→ **Problem statement**
As the answer, return precisely the lines from the one containing "Sparkly Pink Background 2160 X 1215" to the final line of the material below, inclusive, and omit every picture.

→ **Given information**
════════════════

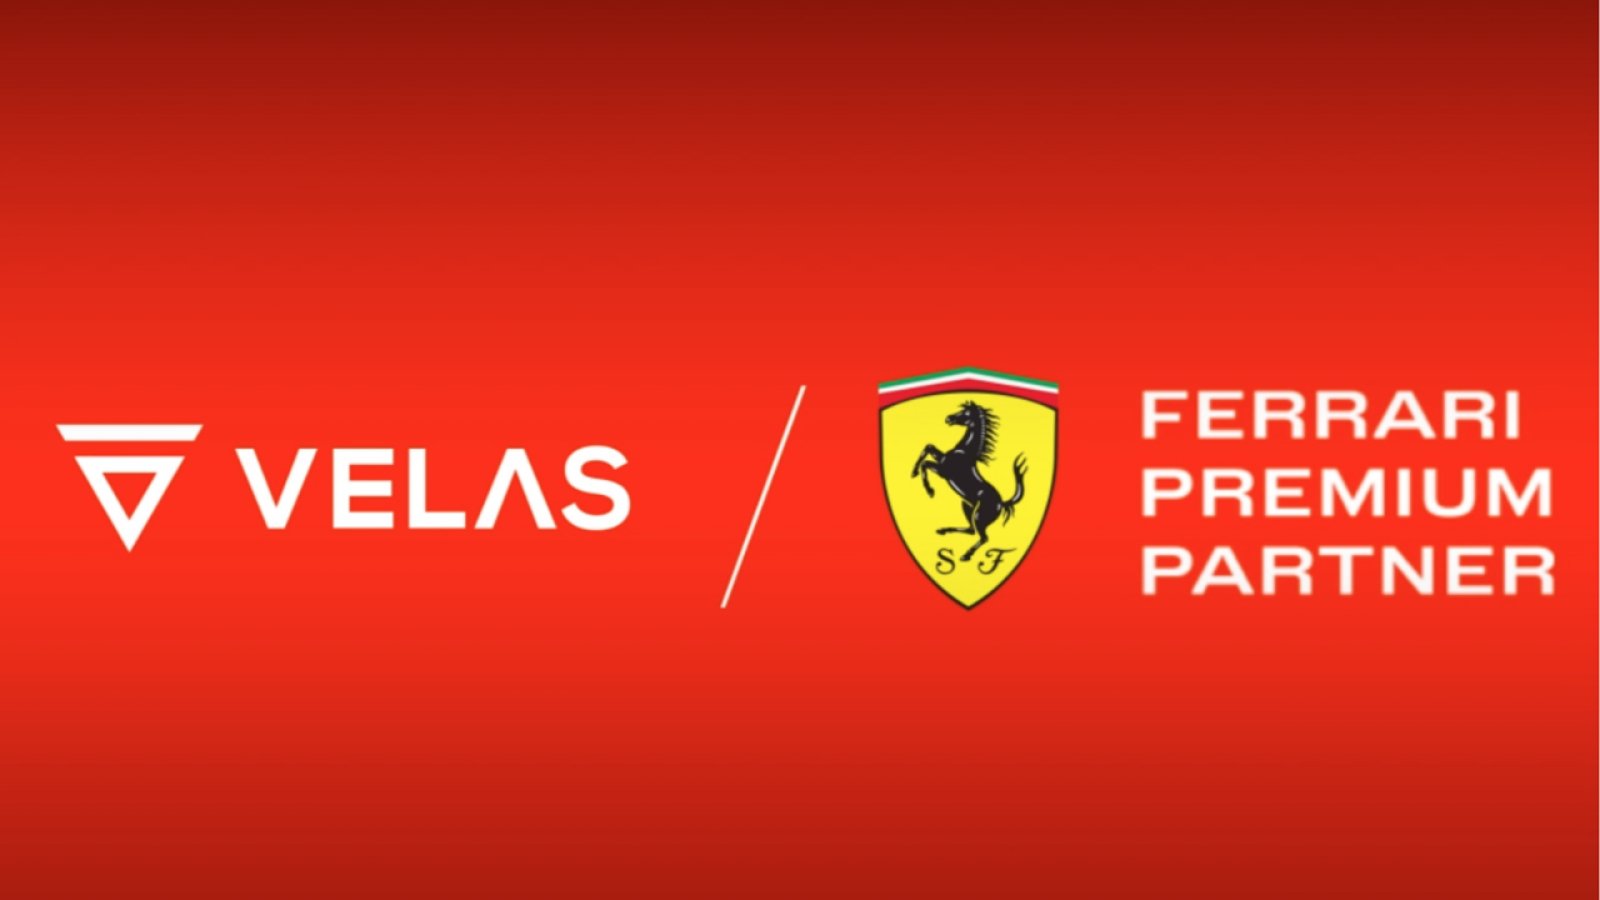 Velas Powers into Formula 1 with Multi-Year Scuderia Ferrari Partnership 
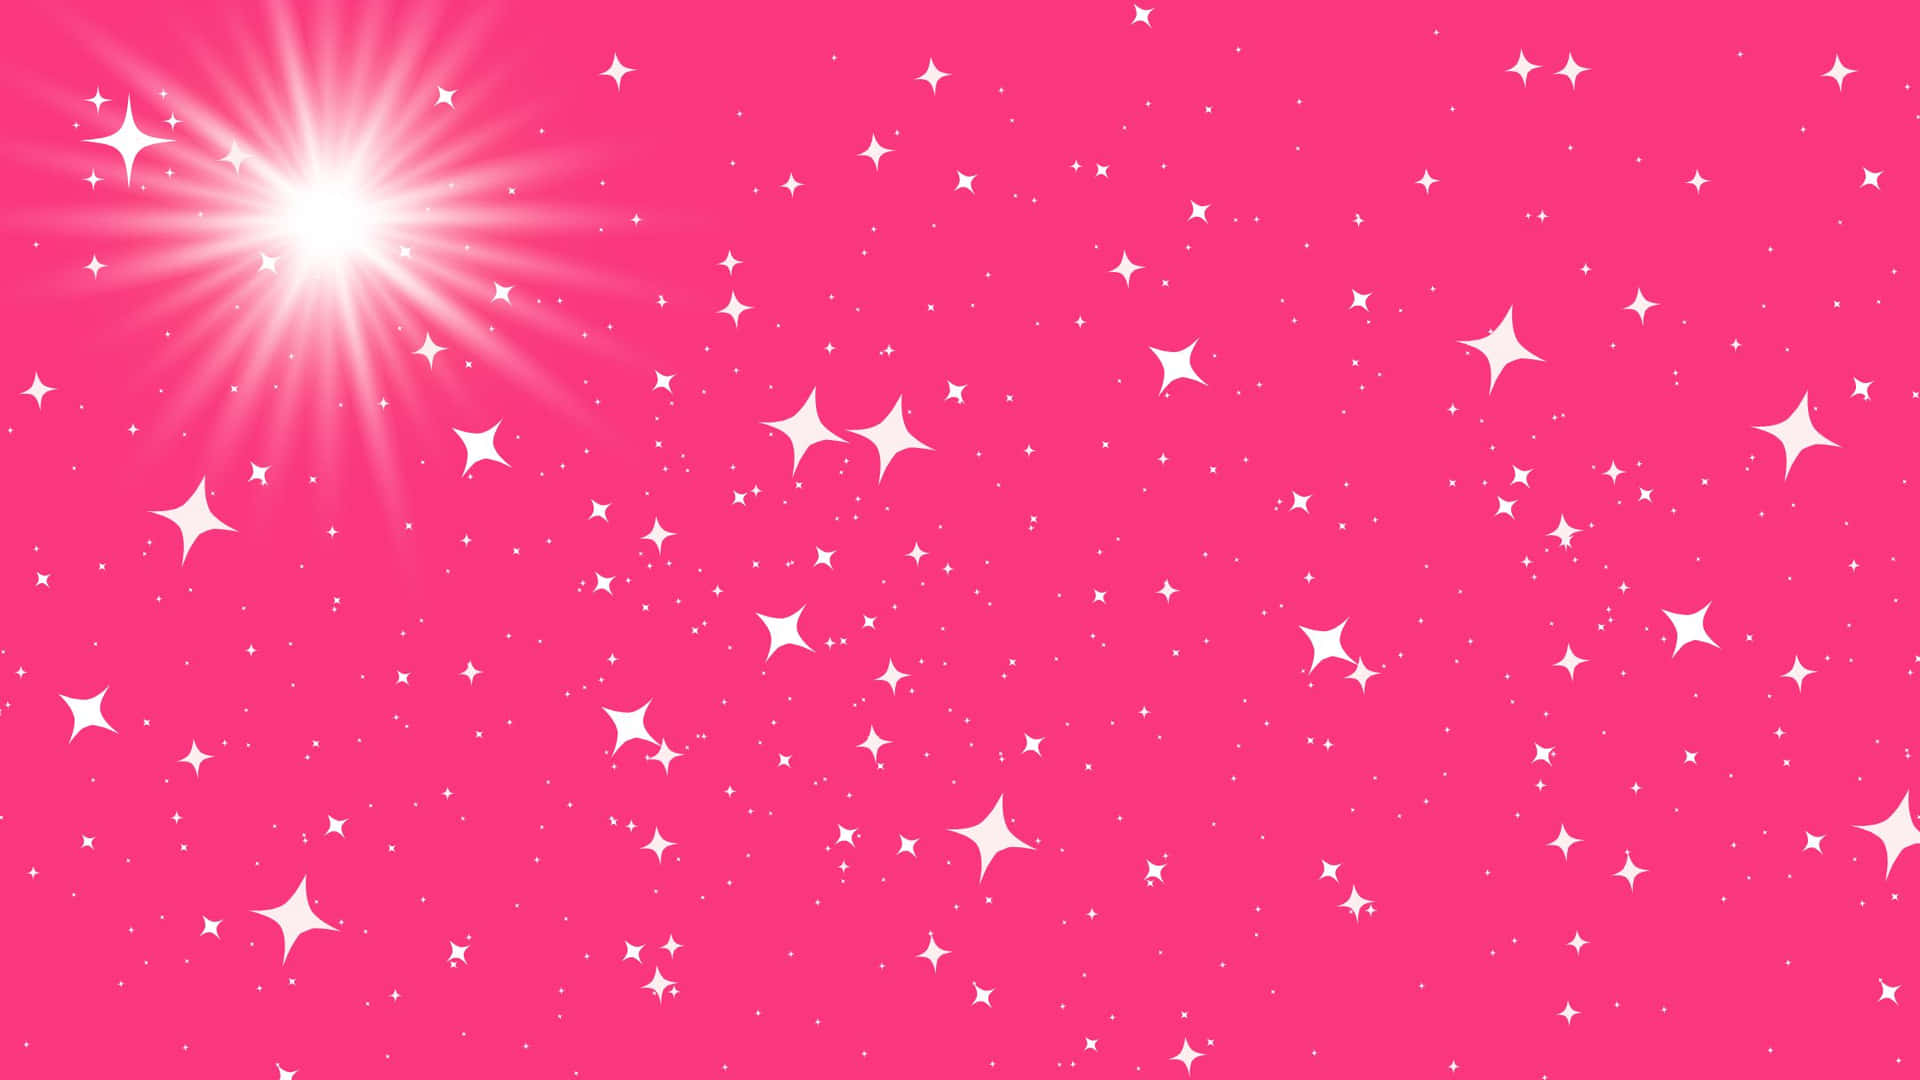 Sparkly Pink Background 2160 X 1215
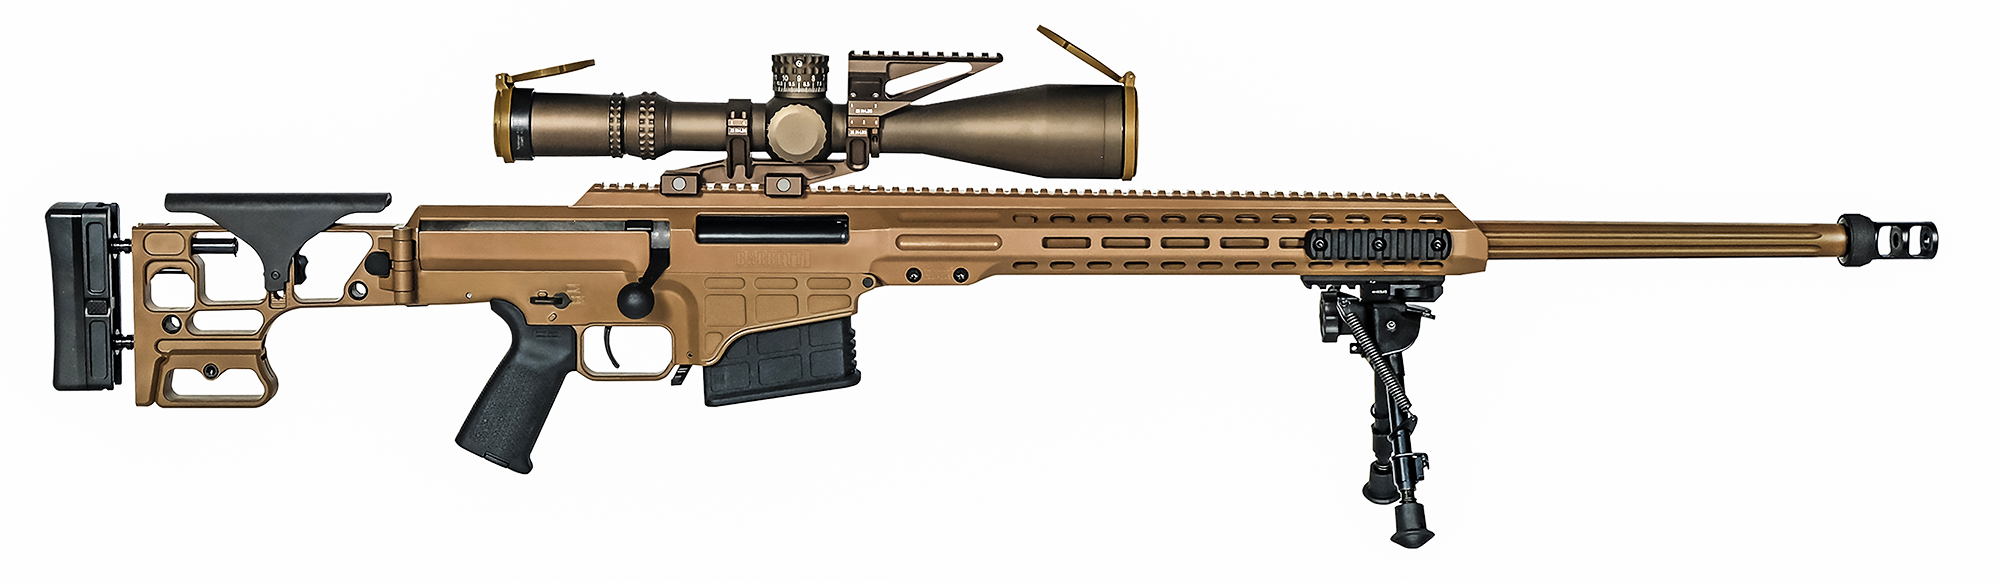 Barrett MRAD long-range rifles
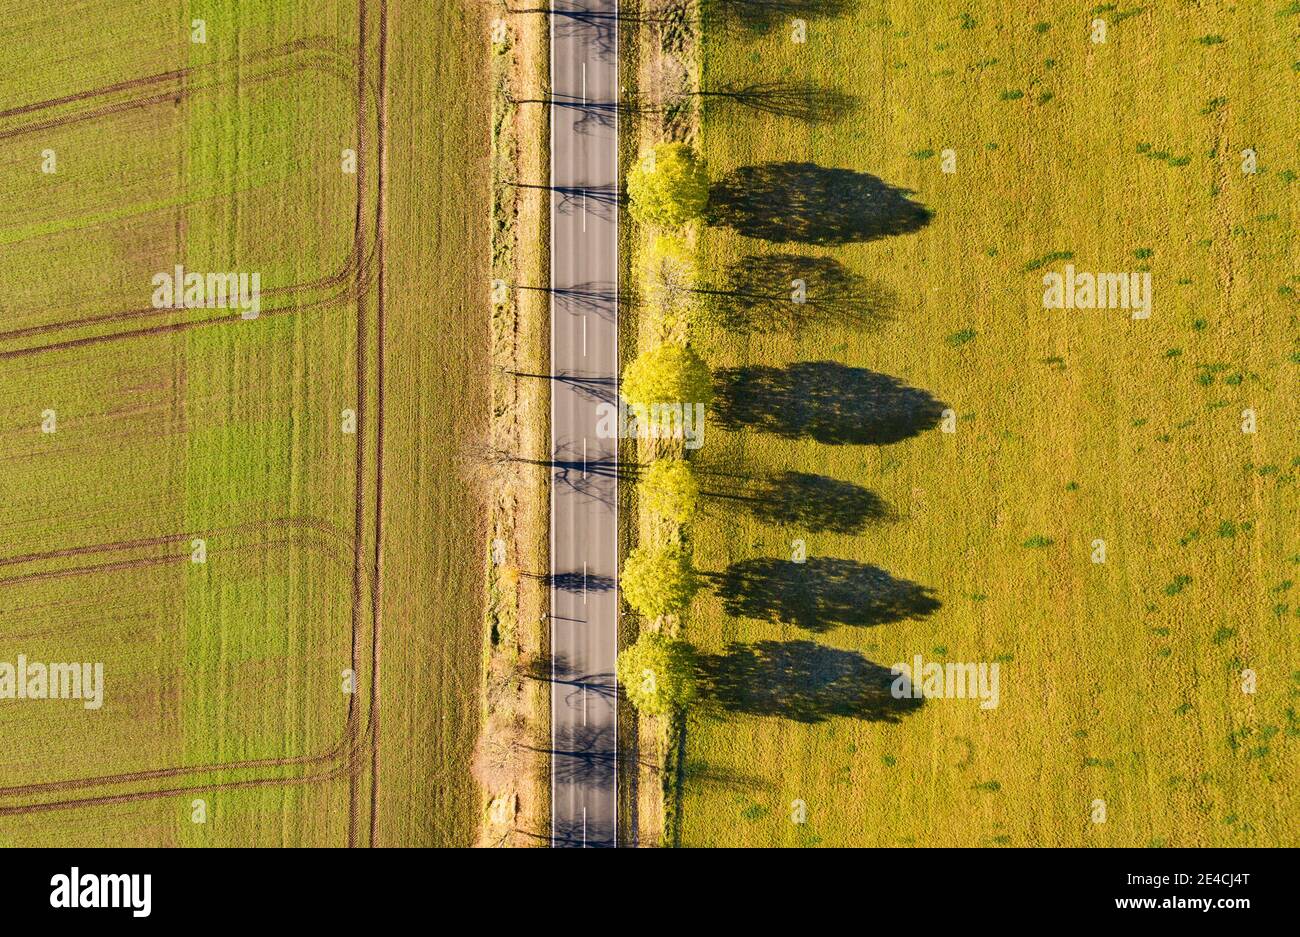 Allemagne, Thuringe, Großbreitenbach, Willmersdorf, rue, champs, arbres, ombres d'arbres, sidelight, vue de dessus, vue aérienne Banque D'Images
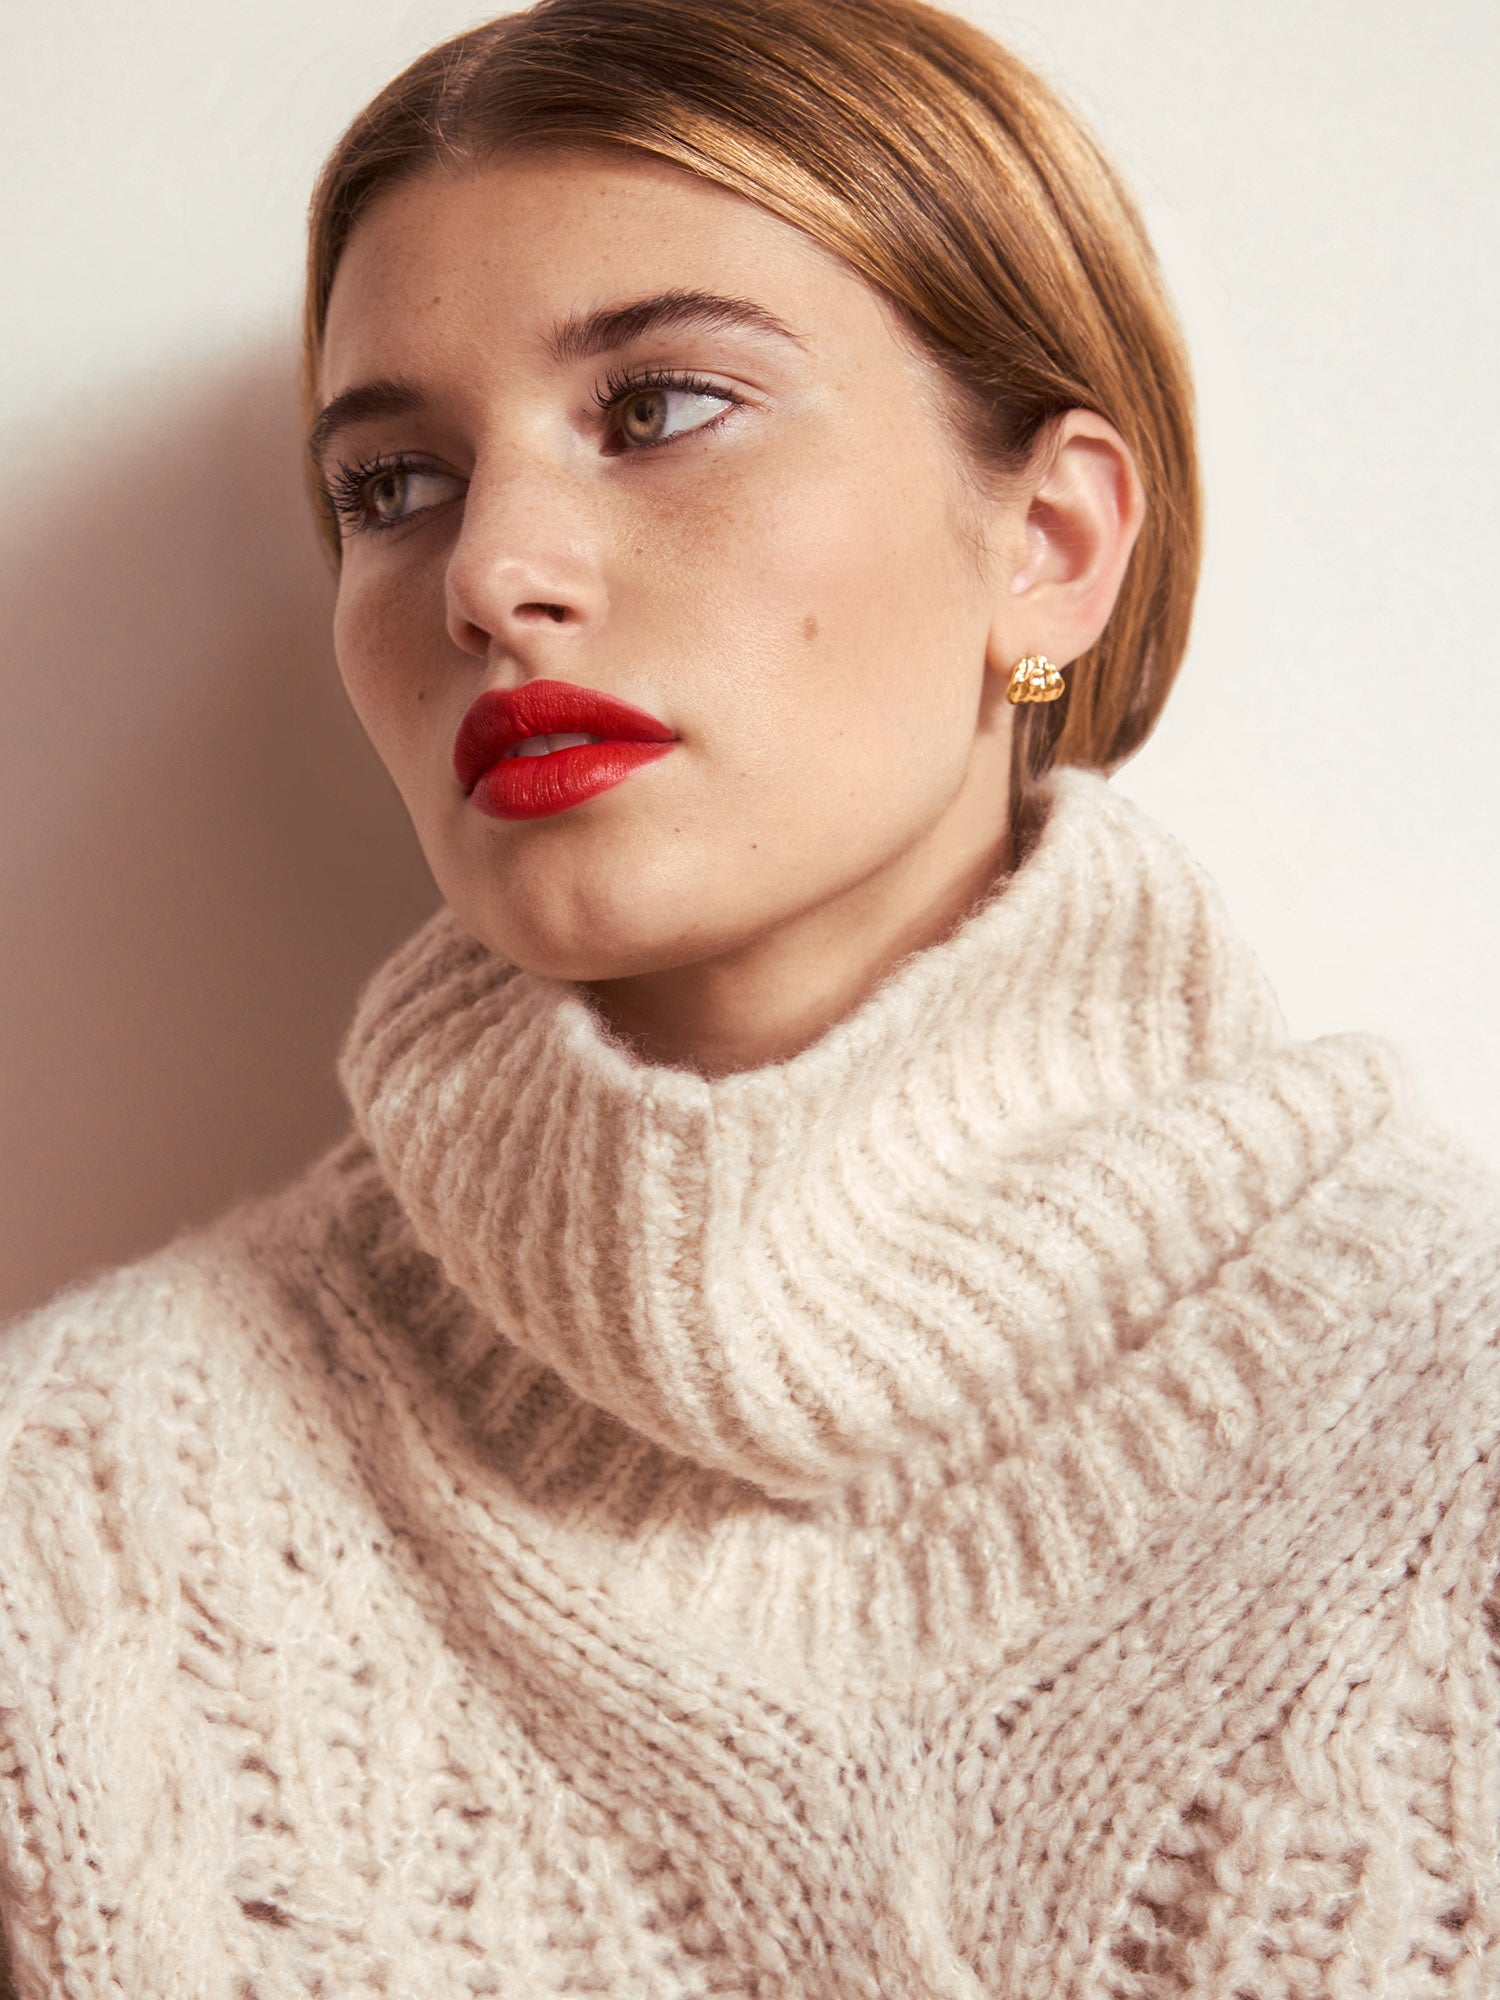 Elden cable knit beige turtleneck sweater close up

════════════════

→ **Finished task**
 Sparkly Pink Background 2160 X 1215
 Barrett MRAD long-range rifles
 Allemagne, Thuringe, Großbreitenbach, Willmersdorf, rue, champs, arbres, ombres d'arbres, sidelight, vue de dessus, vue aérienne Banque D'Images
 Elden cable knit beige turtleneck sweater close up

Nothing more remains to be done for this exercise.